ASSIGNMENT — From the first line to the last, copy the material word for word; pictures stay out.

- - - - - - -

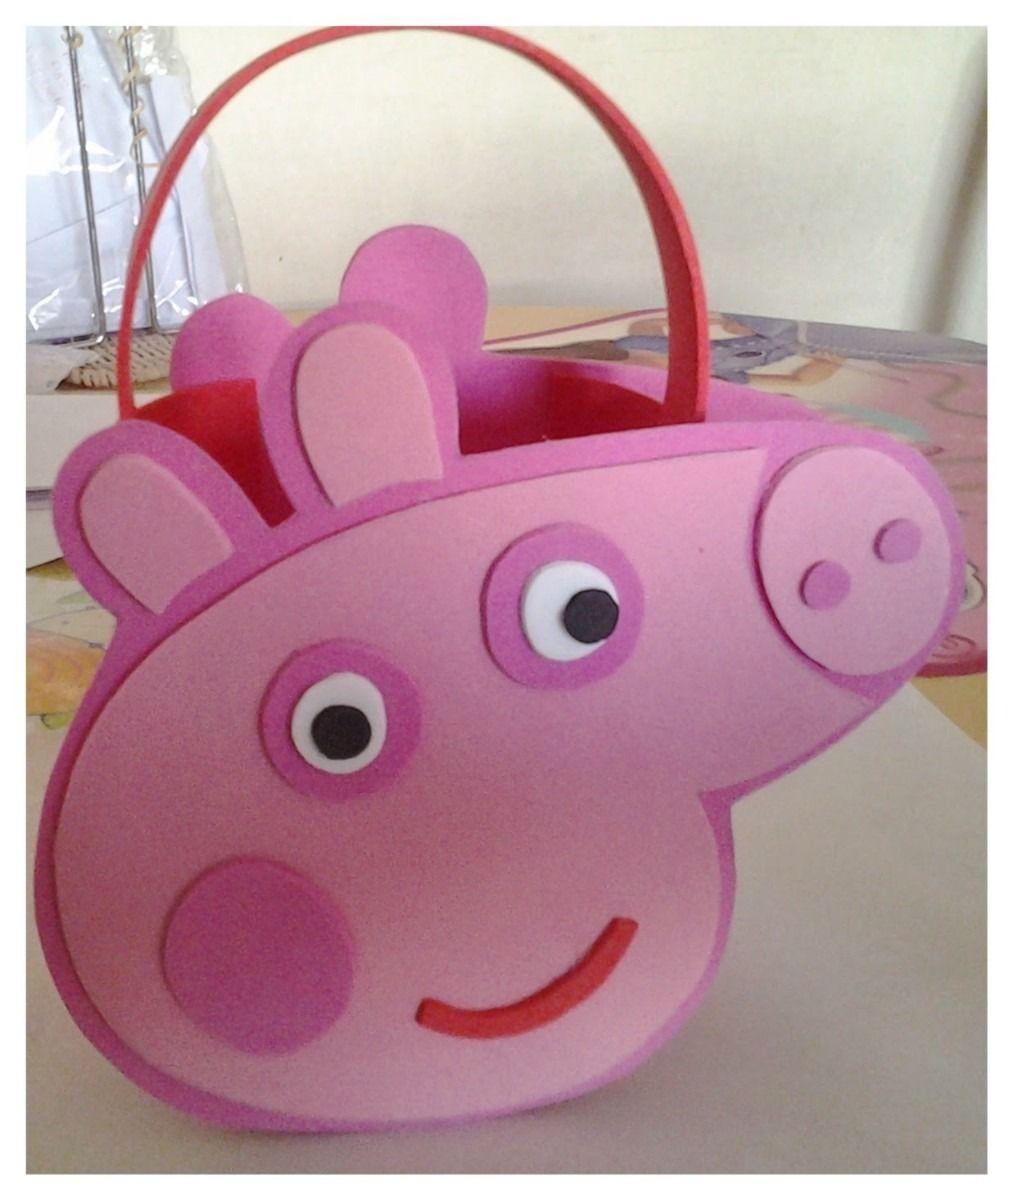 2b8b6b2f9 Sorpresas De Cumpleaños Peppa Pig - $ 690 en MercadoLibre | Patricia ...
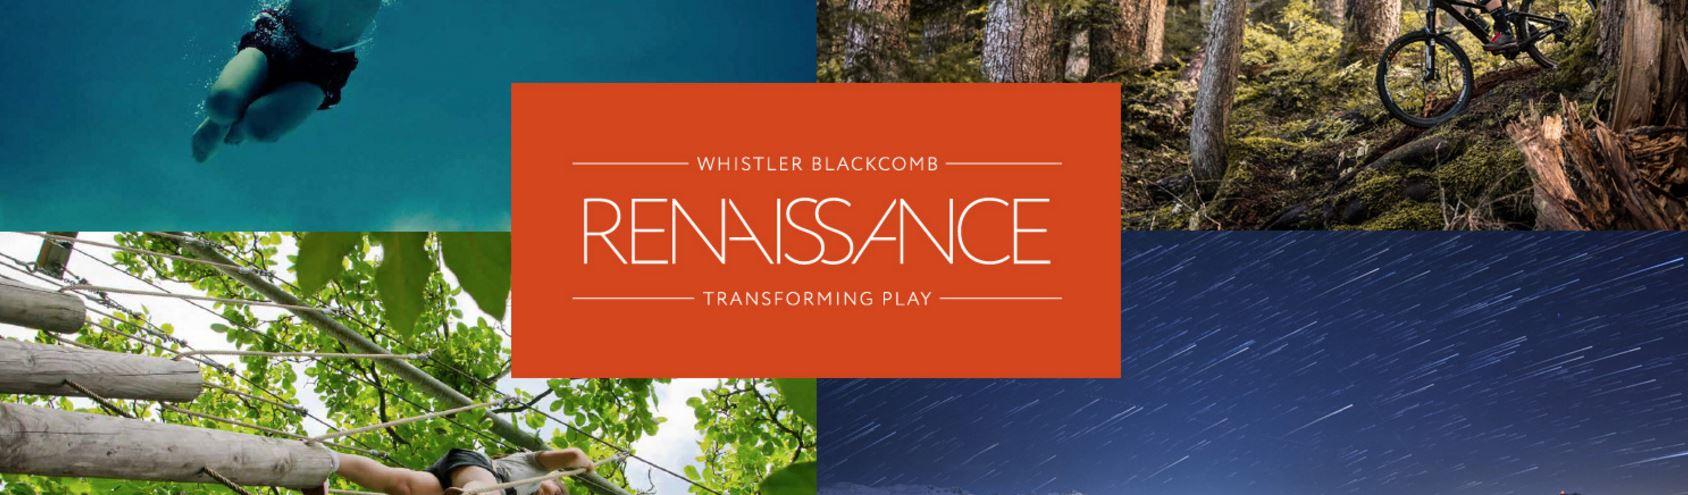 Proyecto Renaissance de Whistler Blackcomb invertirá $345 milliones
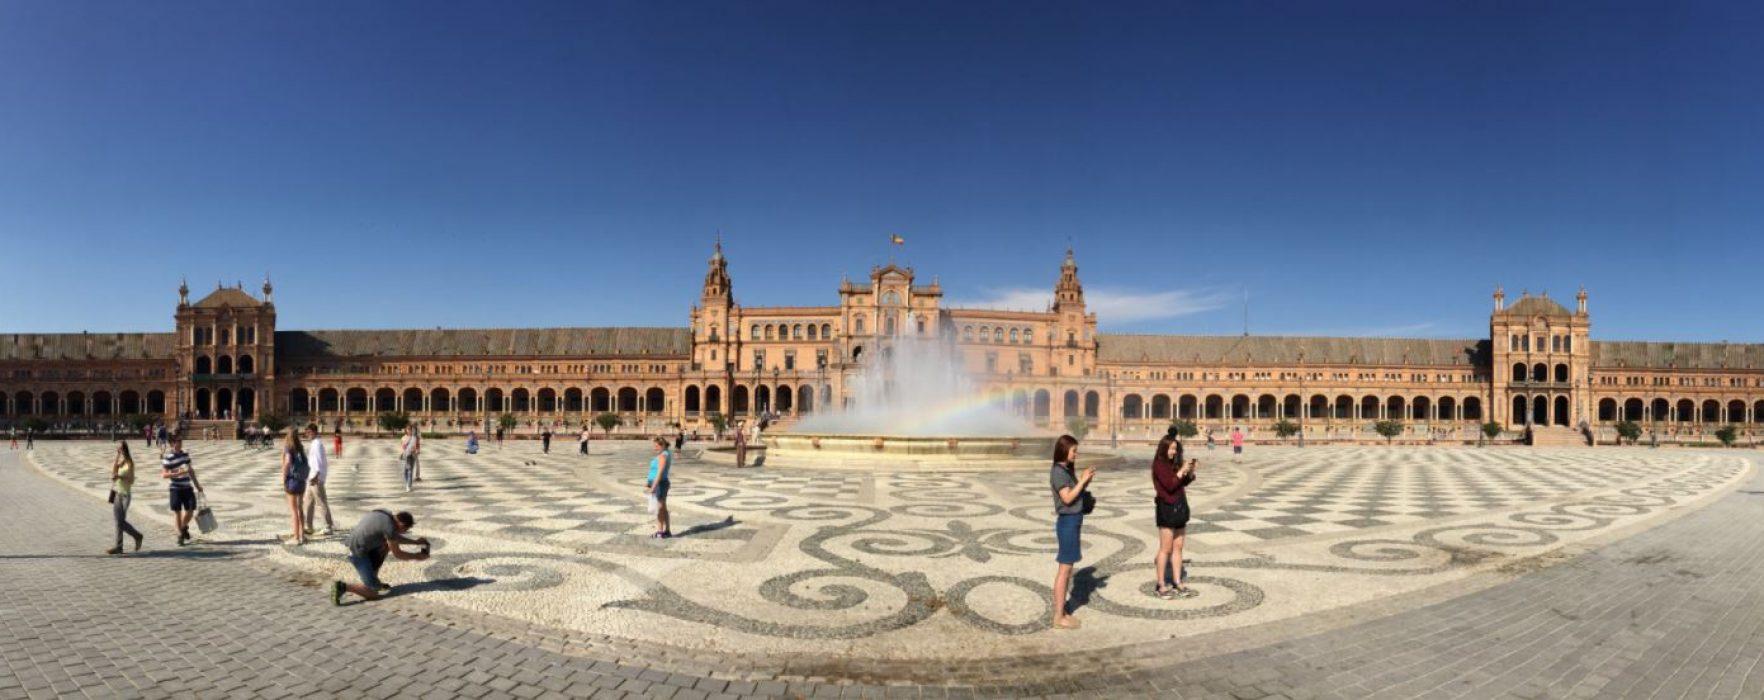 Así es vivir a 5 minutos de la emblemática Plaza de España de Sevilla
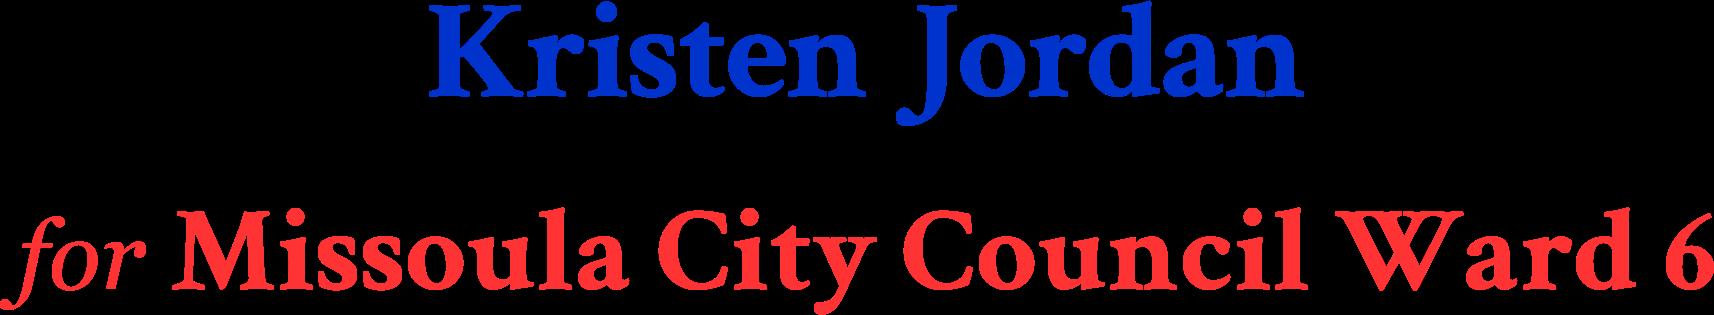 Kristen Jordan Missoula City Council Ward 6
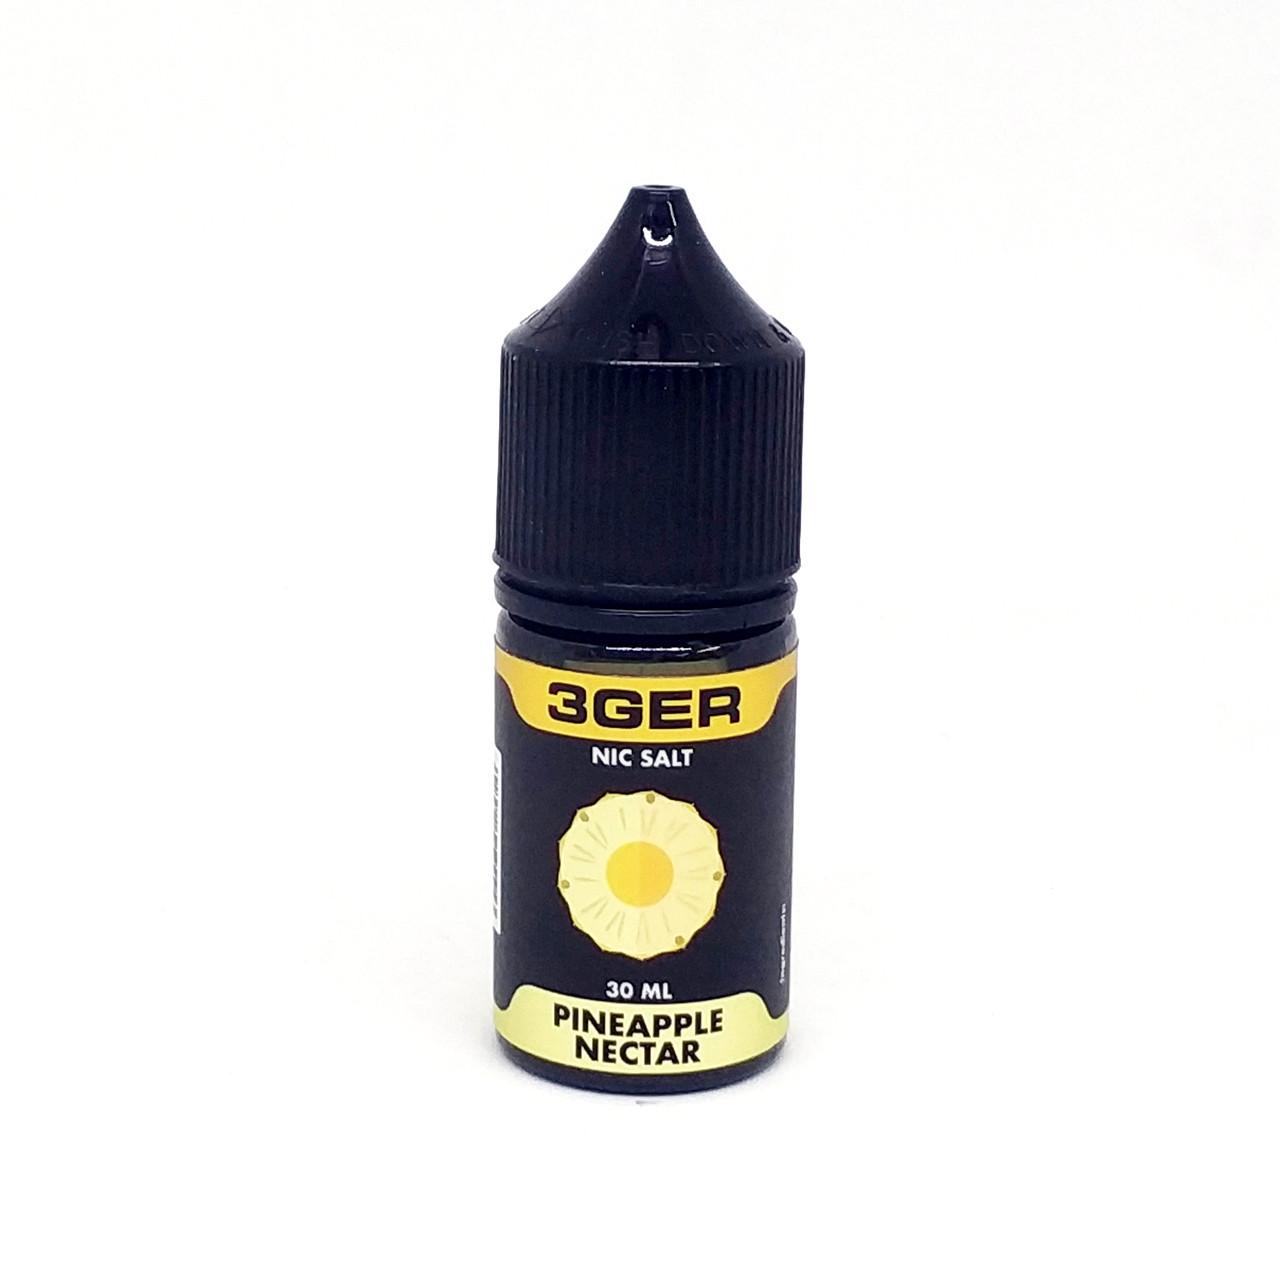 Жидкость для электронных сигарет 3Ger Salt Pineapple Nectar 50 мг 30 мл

- - - - - - -

EXERCISE RESPONSE —
 2b8b6b2f9 Sorpresas De Cumpleaños Peppa Pig - $ 690 en MercadoLibre | Patricia ...
 Proyecto Renaissance de Whistler Blackcomb invertirá $345 milliones
 Así es vivir a 5 minutos de la emblemática Plaza de España de Sevilla
 Kristen Jordan Missoula City Council Ward 6
 Жидкость для электронных сигарет 3Ger Salt Pineapple Nectar 50 мг 30 мл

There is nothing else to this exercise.